For anyone starting out trading the forex market, managing your trading can be a daunting task. Everything else seems to take priority over proven evaluation techniques. Learning the currency pairs and the myriad of technical indicators can at first be all encompassing, but building a solid market evaluation approach will allow you to maintain the big picture necessary for successful forex trading.
It all begins with a trading plan. Your forex trading plan should be your hard and fast guide to trade execution. Your trading plan should reflect your trading philosophy and style. Your plan should also contain key forex market evaluation strategies. Below are some currency market evaluation rules that can be embedded into your forex trading plan.
1. Price Action
In the end it is all about the price. Take a look at the current price behavior. Determine if the market is oversold or overbought. Are there any signals indicating a reversal, continuation or retracement? Where are the areas of support and resistance?
2. Market Condition
Access the overall market conditions. Look at both long and short term views. Access if the market is range bound or trending. Look deep into the market using multiple time frames in your technical analysis to determine if the currency pairs are trending short term in a long term range bound market or vice versa.

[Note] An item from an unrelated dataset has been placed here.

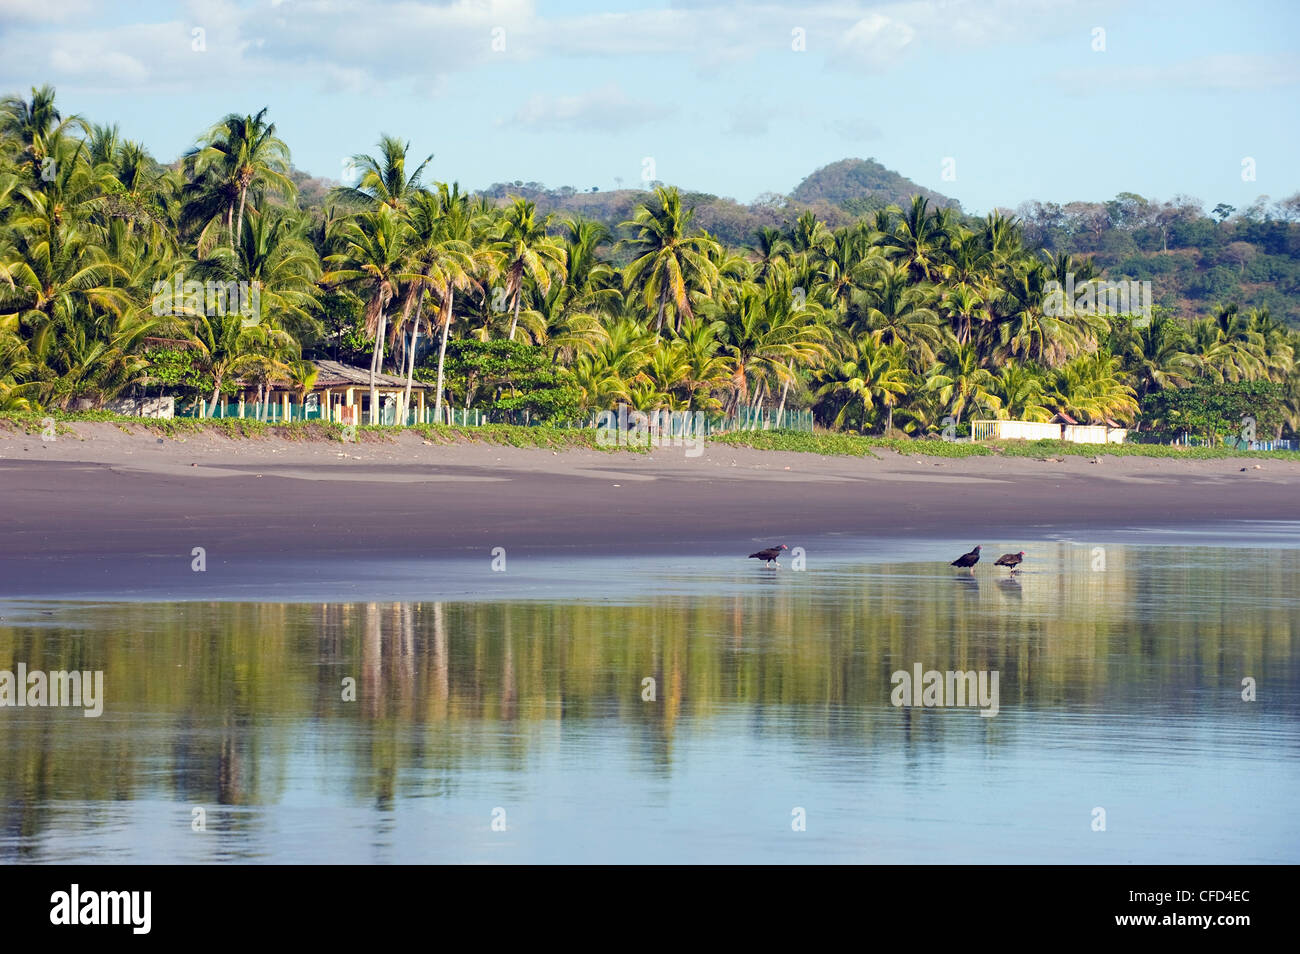 Vultures on the beach at Playa Sihuapilapa, Pacific Coast, El Salvador, Central America Stock Photo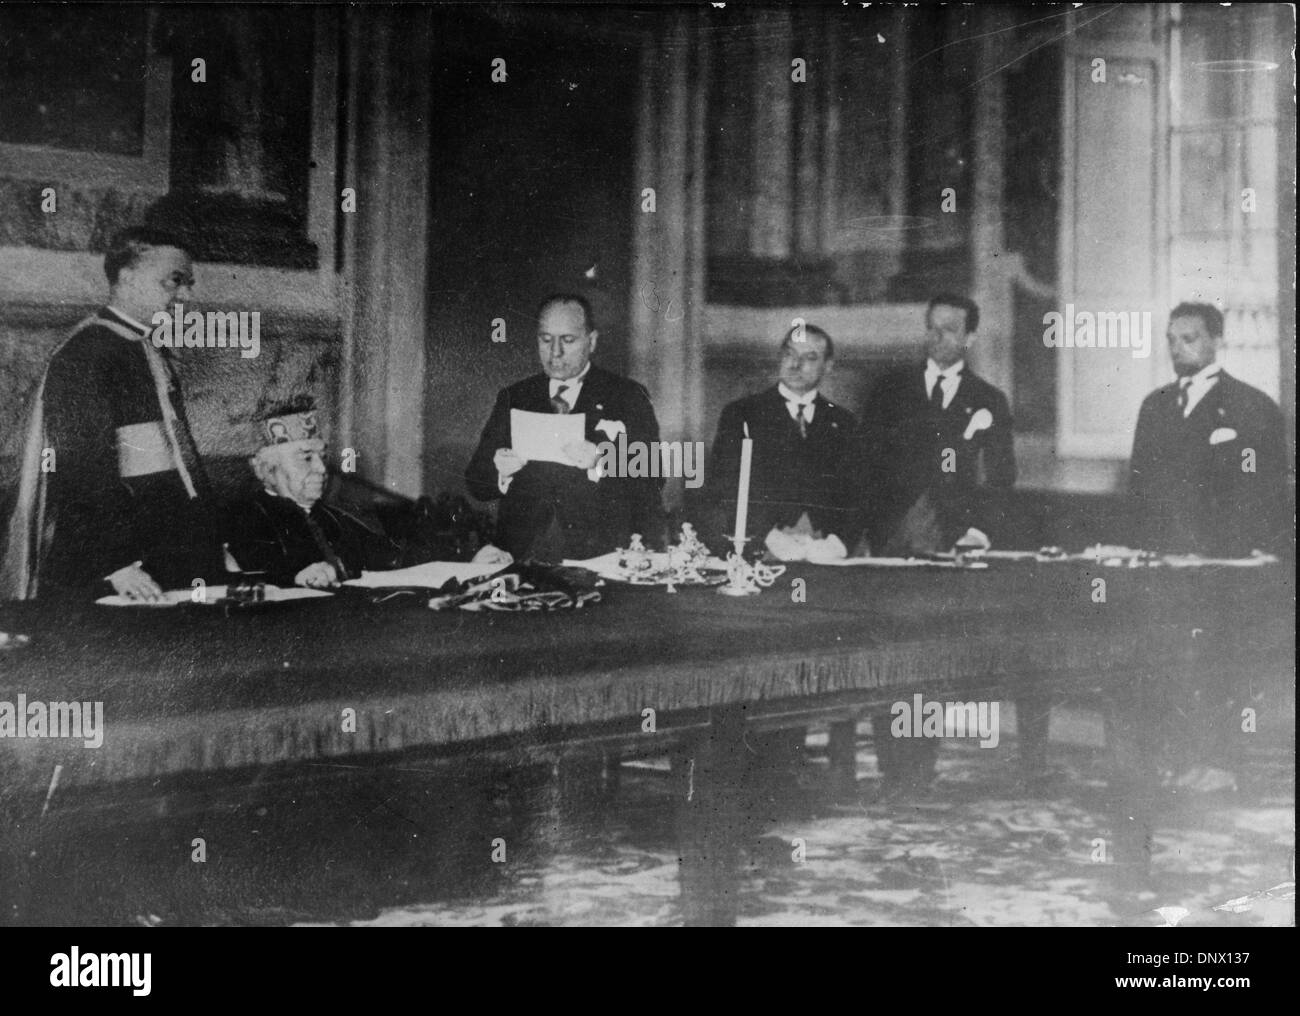 Nov. 1, 1929 - Rome, Italy - BENITO MUSSOLINI (1883-1945) the Italian dictator and leader of the Fascist movement attending a conference. (Credit Image: © KEYSTONE Pictures/ZUMAPRESS.com) Stock Photo

Stay current with the news and geo-political events. Technical analysis is the direction and the news can be the catalyst. Get comfortable with the principals of that Italian mathematician named Fibonacci.
3. Price Target
Determine what your price target is for the respective ranges and time frames. Patiently time your trade executions. You will be rewarded. Use your price action evaluation and market conditions to determine your price target.
Ask yourself if it makes sense and look for reasons NOT to enter a trade. When you cannot find those reasons then it is onto trade execution to determine reward-risk ratios and stop losses!
4. Stop Loss
Determine the criteria for stopping the trade on both profit and loss side. Decide upon both technical and fundamental stops. No one is correct 100% of the time, in fact when we trade leveraged instruments like currencies we can be profitable with less than a 50-50 win-loss ratio when we have excellent money management skills.
If you trade without a stop-loss then your forex experience will be a short-term activity!
Anyone can enter a trade, but it is the truly skilled forex trader that knows when to exit the trade. On the profit side, as well as the loss side!
5. Risk Management
Determine how much capital you are going to risk in a given trade. This is critical. You have performed all your evaluation and your exact risk should be a known quantity.
You should also have a minimum reward to risk ratio established in order to limit your losing trades while giving the best odds for the trade to be profitable. This risk to reward ration should be determined by your trading style and time frames used.
Finally, talk the trade through with your trading group or out loud if you are alone. Trust me; you will not be the first forex trader to talk to yourself. Being able to talk through a trade will reinforced the positive aspects of the trade and confirms that your trade will be executed in accordance with your trading plan.
Then it is time to celebrate, because even if the trade does not go your way you had solid execution. You had a losing trade and not a bad trade. That is the difference between successful and non-successful traders. The law of averages will eventually reward you.
If forex is your path to financial freedom, then it should be your business as well. Developing a solid business (trading) plan and market evaluation approach will be your foundation for success in the forex market.